Выбрать главу

Опережающие свое время всегда мученики. И Ермолаев, по-своему, был таким мучеником. Мучеником своих представлений об искусстве, своего характера — трудного, ох трудного, этого скрыть нельзя. Мучеником своей неумолимой звезды, которая даже некоторые вершины ермолаевских успехов освещала каким-то особым, горьким светом.

Тогда, на концерте, мне было искренне жаль его создателя, тратящего нечеловеческие силы. Он казался мне Атлантом, еле удерживающим грозящие рухнуть своды вызванного им к жизни мономира, — фигурой трагической и именно поэтому бесконечно привлекательной.

В 1956 году произошло событие. Балет Большого театра, впервые за время существования СССР, получил приглашение приехать на гастроли в Англию. Очевидно, слава советского балета докатилась и до берегов гордого Альбиона.

В английском посольстве был устроен завтрак, на который были приглашены корифеи балета Большого театра — Г. Уланова и А. Ермолаев. Присутствовал также В. Молотов.

Посол поднял тост за русский балет и его лучших представителей, Галину Уланову и Алексея Ермолаева, с таким блеском воплотивших женское и мужское начала в современном танце. Посол пожелал им успеха в будущей встрече с английскими поклонниками балета.

Можно себе представить состояние Ермолаева, когда он шел домой. Англия — это мир. Мир увидит его!

Театр усиленно готовился к поездке, и вдруг, словно внезапная молния, поразила всех весть: Ермолаев не едет. Как! Самая творческая, самая оригинальная фигура в Большом! Почему?

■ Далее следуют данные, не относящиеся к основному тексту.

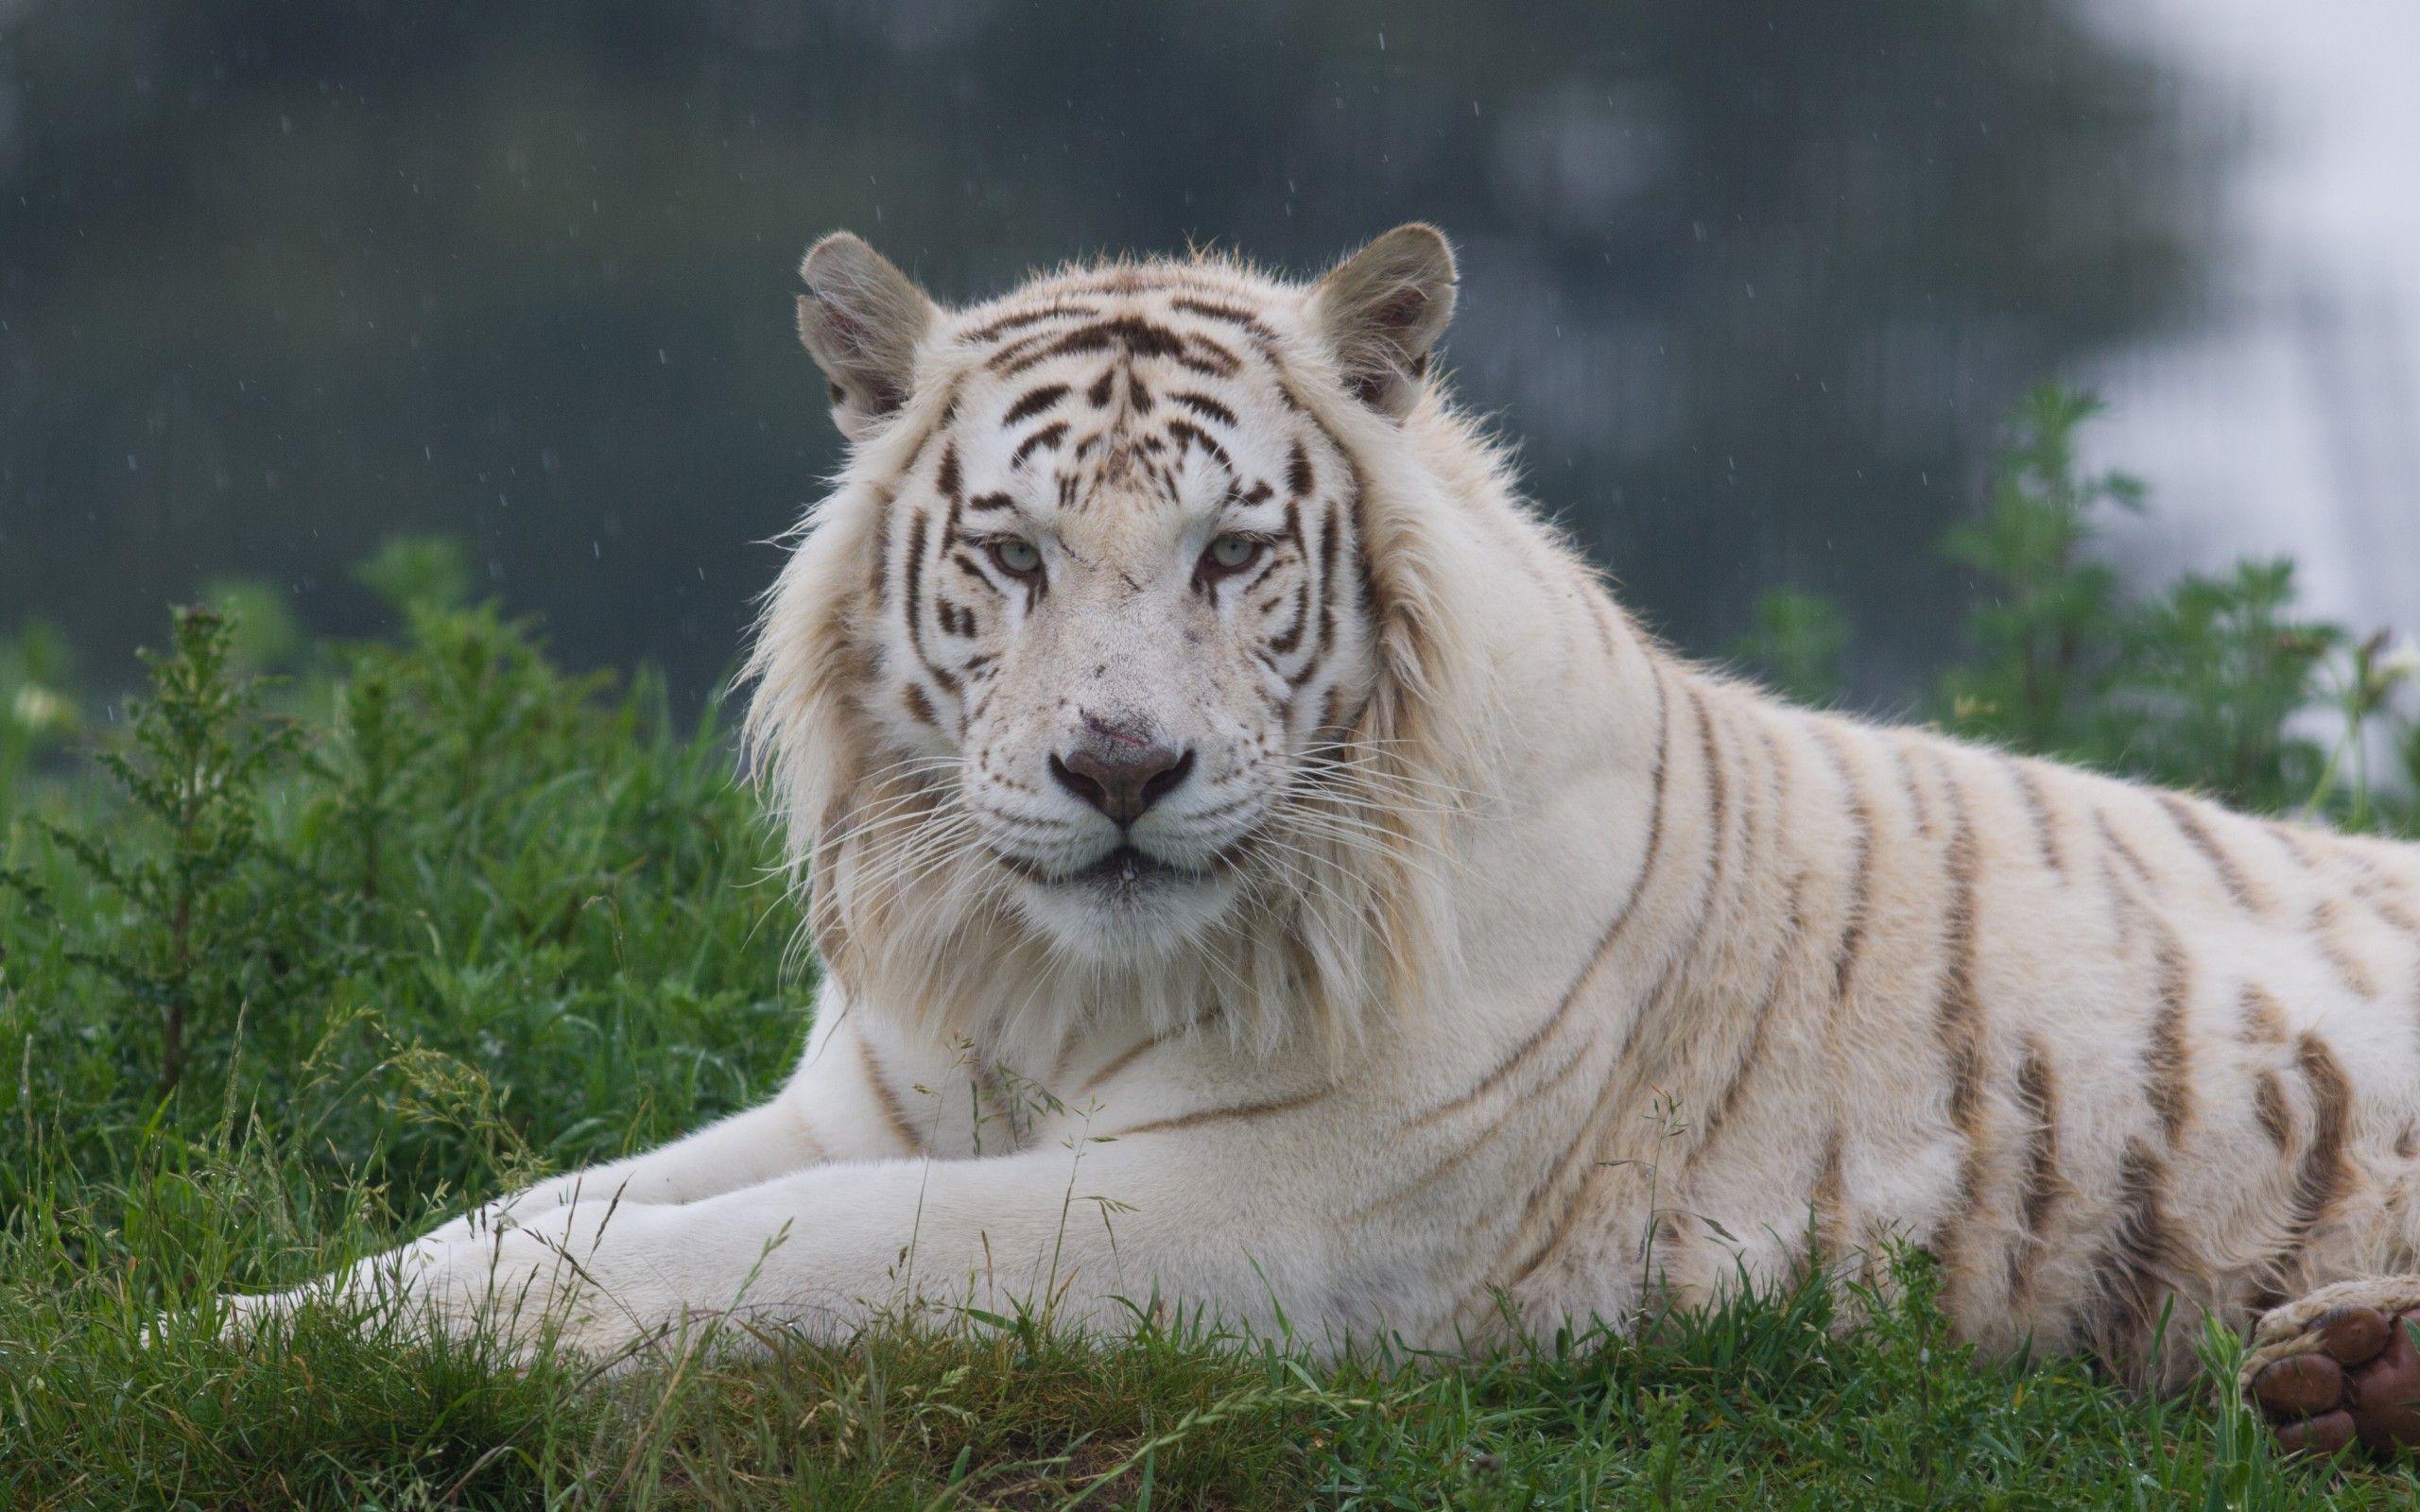 Tigre Blanc Fonds D Ecran Arrieres Plan 2560x1600 Id 529714 Tigre Blanc Fond D Ecran Pour Ordinateur Fond Ecran

Поползли разные слухи. Боятся, что останется? Ермолаев, плоть от плоти России, ее преданный сын, страстный патриот советского искусства?

В общем, он не поехал. Англичане так и не увидели танца Ермолаева.

Удар был страшный.

Огромный диван в квартире № 13, да, да — тринадцать! дома № 7 по улице Неждановой, теперь по Брюсову переулку. Номер на двери снят, и следы его затерты — цифра ведь несчастливая… Сколько было говорено, сидя на этом диване, сколько образов, так и не воплощенных на сцене, «толпилось» вокруг нас! И не только люди. Окружающая их природа представала передо мной активным действующим лицом. Иссушающая землю жара, благодатный дождь, буря, гроза, степные пожары сопутствовали драматической любви моряка Андрея и Маши из либретто Ермолаева «По зову сердца». Либретто посвящено мирному подвигу советского народа — освоению целинных просторов. Эти просторы как бы определяли масштабы тем, отраженных в балете: братство народов, скрепленное недавней войной против фашизма, борьба за целинный хлеб, поиск человеком своего места на земле… Ошеломленный богатством превосходных, поразительных по выдумке находок, я высказывал порой робкое сомнение — воплощаемо ли все это языком танца? В ответ Ермолаев, усмехаясь с какой-то внутренней болью, коротко бросал:

— Проверено.

Я вдруг начинаю понимать, что я уже встречался с героем этого балета — моряком Андреем… В памяти возникало: идет солдат, завершивший свой бранный труд, в памяти еще теснятся картины страшных кровавых схваток с фашизмом, но радость возвращения к мирной жизни все уверенней оттесняет недавнее прошлое. Родная земля, вся природа приветствует воина-победителя и, встречаясь с ней, он дает клятву своими мирными подвигами добыть счастье для людей… Но это же герой ермолаевского концерта! Конечно, это именно в его образе Ермолаев как исполнитель и постановщик продемонстрировал реальную возможность выражения в танце сложнейших чувств современного героя. И я только теперь начинаю понимать, что самые дерзкие замыслы Алексея Ермолаева в его нынешнем либретто обеспечены чистейшим золотом уже найденных и проверенных практикой пластических решений, то есть богатым, полнокровным языком современного танца. О поисках Ермолаева, о непрерывной, изнурительной работе, связанной с решением образов современности, ее героев, лучше всего рассказывал он сам.

Однажды поздно, оставшись один в репетиционном зале, он как всегда искал образ современного трибуна, вождя, увлекающего за собой массы. Это для него было особенно важно после успеха, который сопровождал его выступления в балете «Пламя Парижа». Стоя перед огромным зеркалом, он искал, как наиболее убедительно, в пластике, доступной балету, выразить современность в образе народного вождя. Вроде так — разворот, правая рука вперед, зовущая к новым далям, а куда деть левую? Так, согнув ее, упереть в бедро… Правильно! Прыжок! Устремление вперед — и вдруг Ермолаев видит забившуюся в угол танцовщицу кордебалета — из тех, что в массовых сценах изображают народ. Случайно оказавшаяся здесь, она не посмела нарушить упражнения Мастера, помешать его великолепному творчеству.